I followed her down from the road shoulder to a small patch of woods between the cemetery and the next house. We stepped around a few grave stones that had apparently been forgotten, brushed away low-growing vines, and bent underneath trees. The air was warm inside our cocoon of forest, new plants bursting forth after a winter of dormancy, and yellow-green leaves springing from the young trees. Soon, we were surrounded by green and the drone of road traffic was only a hush.

Birds sang at every turn, yet I did not realize why we were here or what we were going to do. Then another low branch brushed against my face. As I pushed it back and tramped forward, trying to keep up with my mother, my nose caught a strong whiff of something almost like heaven. I inhaled deeply.

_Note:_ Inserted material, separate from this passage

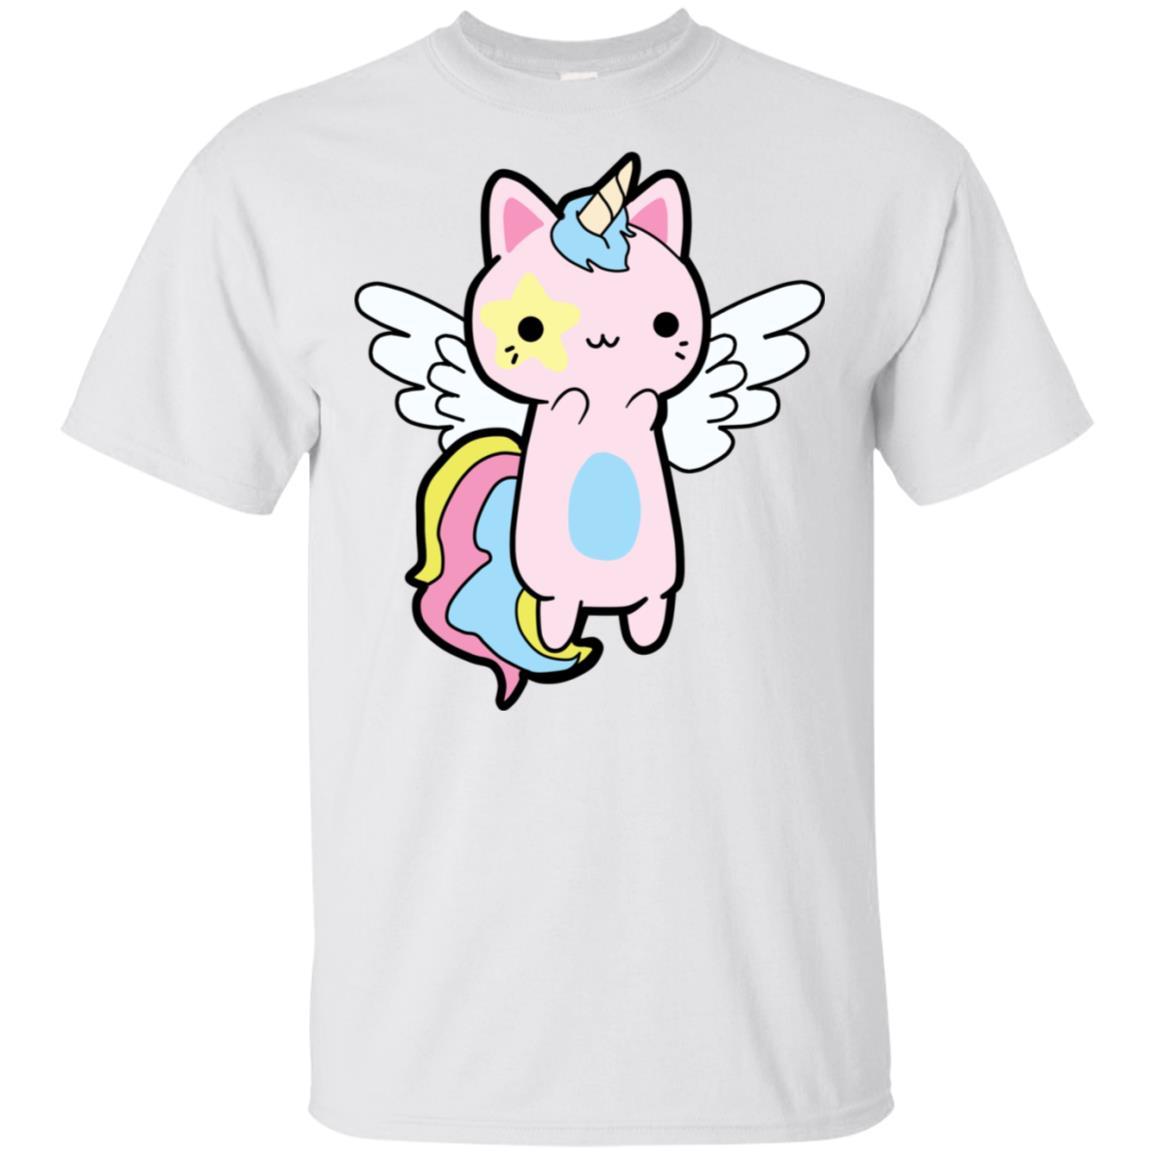 Kawaii Cat Unicorn Unisex Short Sleeve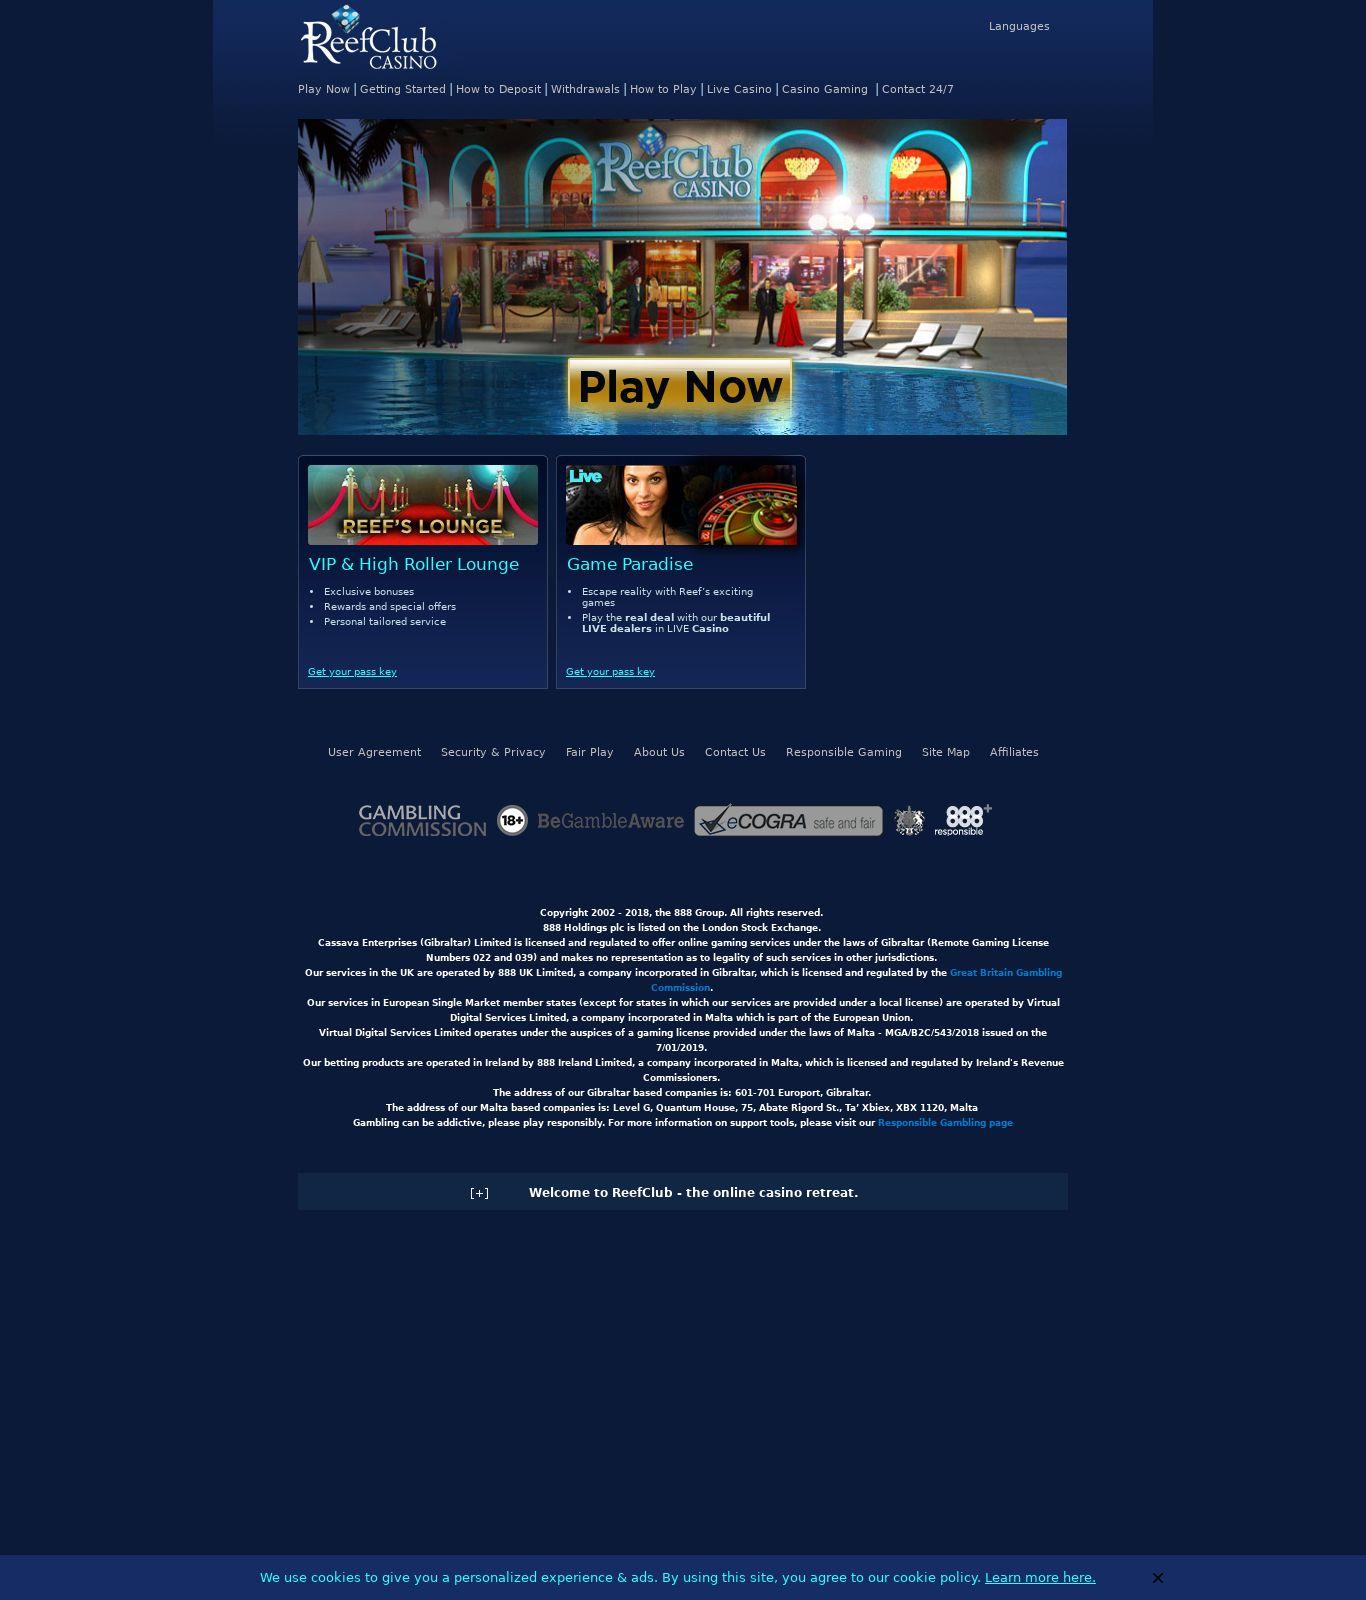 Reef Club Casino Review

“Isn’t it lovely?” Mother said. “Have you ever smelled anything like it?”

I looked down and found the source of the sweet aroma.

“They’re lilies-of-the-valley,” Mother called out again. “My mother used to take me here when I was a child. I had forgotten about it for years, but then I remembered and wondered if it was still the same.”

I saw the top of her yellow kerchief, worn over her hair, bend low to the ground as she kneeled down, surrounded by a carpet of delicate white, bell-snapped flowers—escapees, no doubt, from the cemetery. I picked one and held it next to my nose.

Mother had brought a small container half filled with water. She and I placed our blooms inside. We worked in silence, creeping along the forest ground, standing every few minutes to gaze through the trees to see just how far this fair meadow went.

Old-fashioned bearded iris from Mom's garden

A few years later another spring came, and Mother was ill. She had many flowers decorating her hospital room now: pink and white carnations, baby’s breath, gladiolas, paint daisies, and purple asters. And yet, something was missing.

Passing by a garden one morning, I finally knew. She was missing our annual trek to the lilies. I carefully picked a few blooms and brought them to her room. She inhaled their fragrance for several long seconds and then placed her head back onto the pillow. “Thank you,” she smiled. “That’s just what I needed.”

Mother had taught me to depend on God and to appreciate how even the humble lilies are clothed with splendor. The small bouquet reminded us both that if He cares so for the little flowers, how much more does He cares for us? (Vista, March 1, 2009.)